We have a collection of random intervals $\{I_{k}:=(X_{k},Y_{k})\}_{k=1}^{\infty}\subset [0,1]$ s.t.

- For deterministic $l_{k}\to 0$ we have $0<l_{k}^{a_{1}}\leq Y_{k}-X_{k}\leq l_{k}^{a_{2}}$.
- The endpoints $\{X_{k},Y_{k}\}_{k\geq 1}$ are all correlated ,even for different k, but their lengths $|I_{k}|=Y_{k}-X_{k}, |I_{k+m}|=Y_{k+m}-X_{k+m}$ are independent when they don't intersect by a buffer: $$Y_{k+m}+\epsilon_{k+m}<X_{k}\text{ or }Y_{k}<X_{k+m}-\epsilon_{k+m},$$ where deterministic $\epsilon_{k}>0$ are decreasing to zero: $\epsilon_{k}>\epsilon_{k+1}\to 0$.

Let $a_{k,n}:=E[X_{k}X_{n}],b_{k,n}:=E[X_{k}Y_{n}],c_{k,n}:=E[Y_{k}Y_{n}]$ be the correlations.

P: Our problem is to find the probability of arranging the intervals $I_{k}$ in [0,1] so that their lengths will be independent of each other.

We are not asking for counterexamples.
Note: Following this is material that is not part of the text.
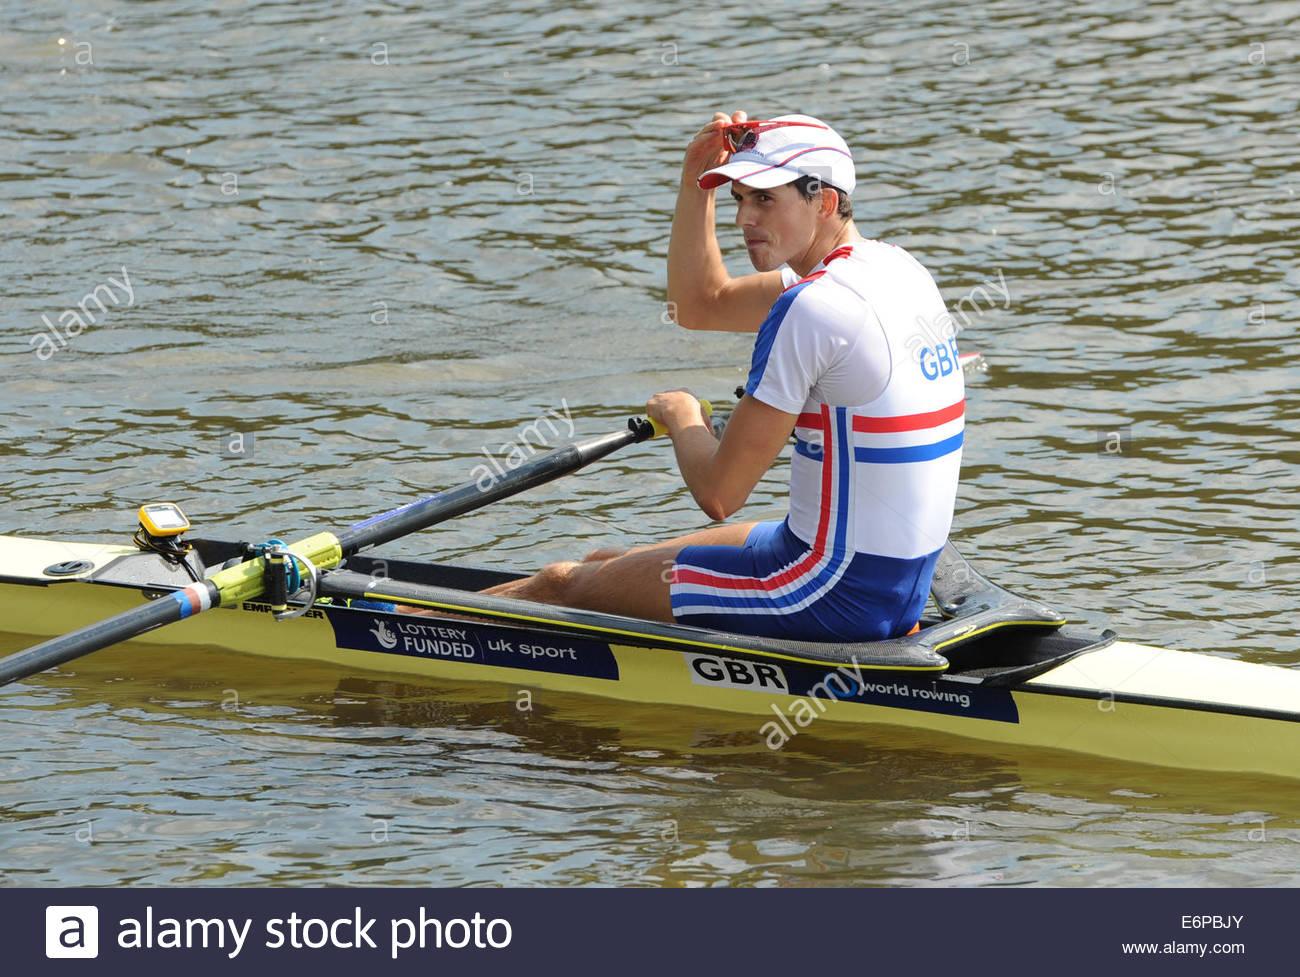 Amsterdam NL 27. August 2014 World Rowing Championships.  Leichte Herren Schädel.  Zak Lee - grün (GBR) Stockbild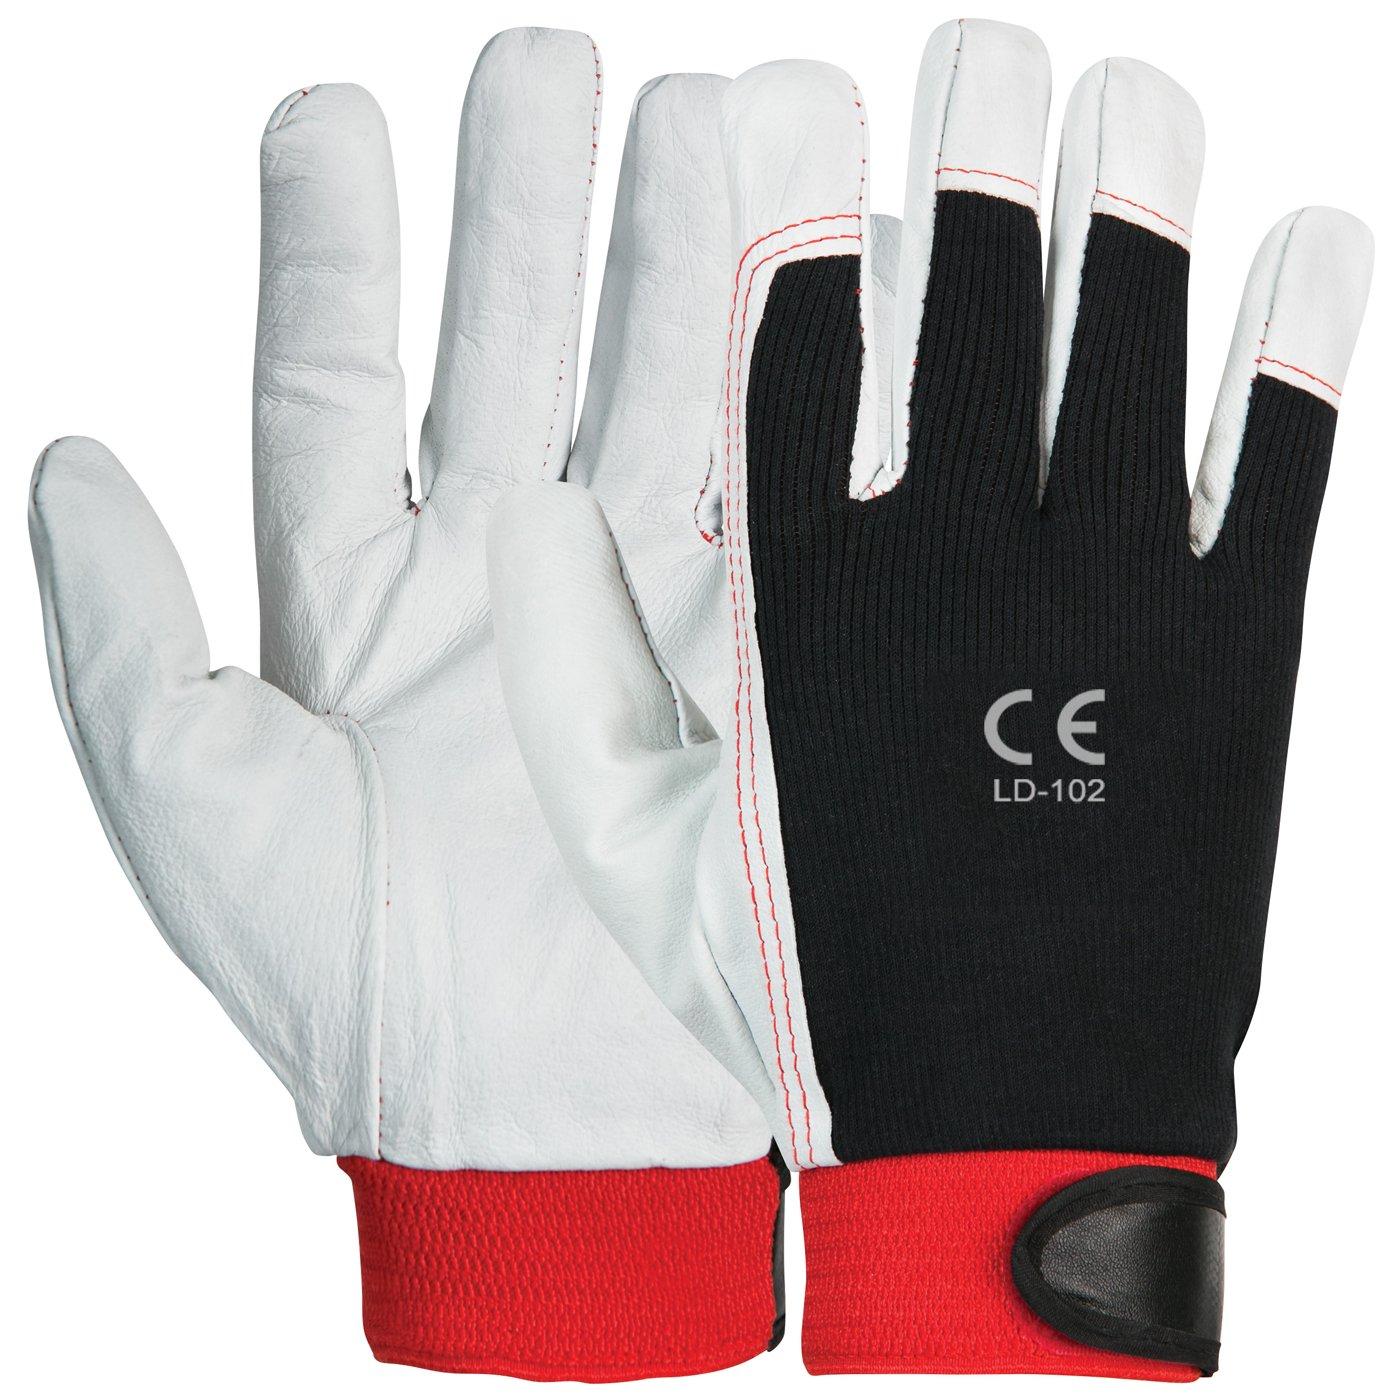 LD-103 Assembly Gloves Goat Skin

All we ask is whether it reminds you of some framework where this question ** might** be placed in. We will do the rest of the work of figuring it out if and how exactly. Just mention some reference and we will go through it.

**Attempts**

1)*random tree framework with factorial number of children*

The probability of the first two $|I_{1}|,|I_{2}|$ being independent (we mean their lengths) is the union of the events

$$v_{1}:=\{Y_{2}+\epsilon_{2}<X_{1}\}\text{ or }v_{2}:=\{Y_{1}<X_{2}-\epsilon_{2}\},$$

where $v_{1},v_{2}$ are the first two vertices. If $v_{1}$ occurs, then we ask for the probability that $|I_{3}|,|I_{1}|$ are independent **and** $|I_{3}|,|I_{2}|$ are independent. So now $v_{1}$ will have three children vertices $v_{1,1},v_{1,2},v_{1,3}$.

Similarly, at the kth level a vertex $v$ will have $(k+1)!$ number of children.

The problem is to find the probability of at least one infinite unary subtree i.e. at least one chain of events/vertices. That will give the probability of non-intersecting (with buffer) intervals.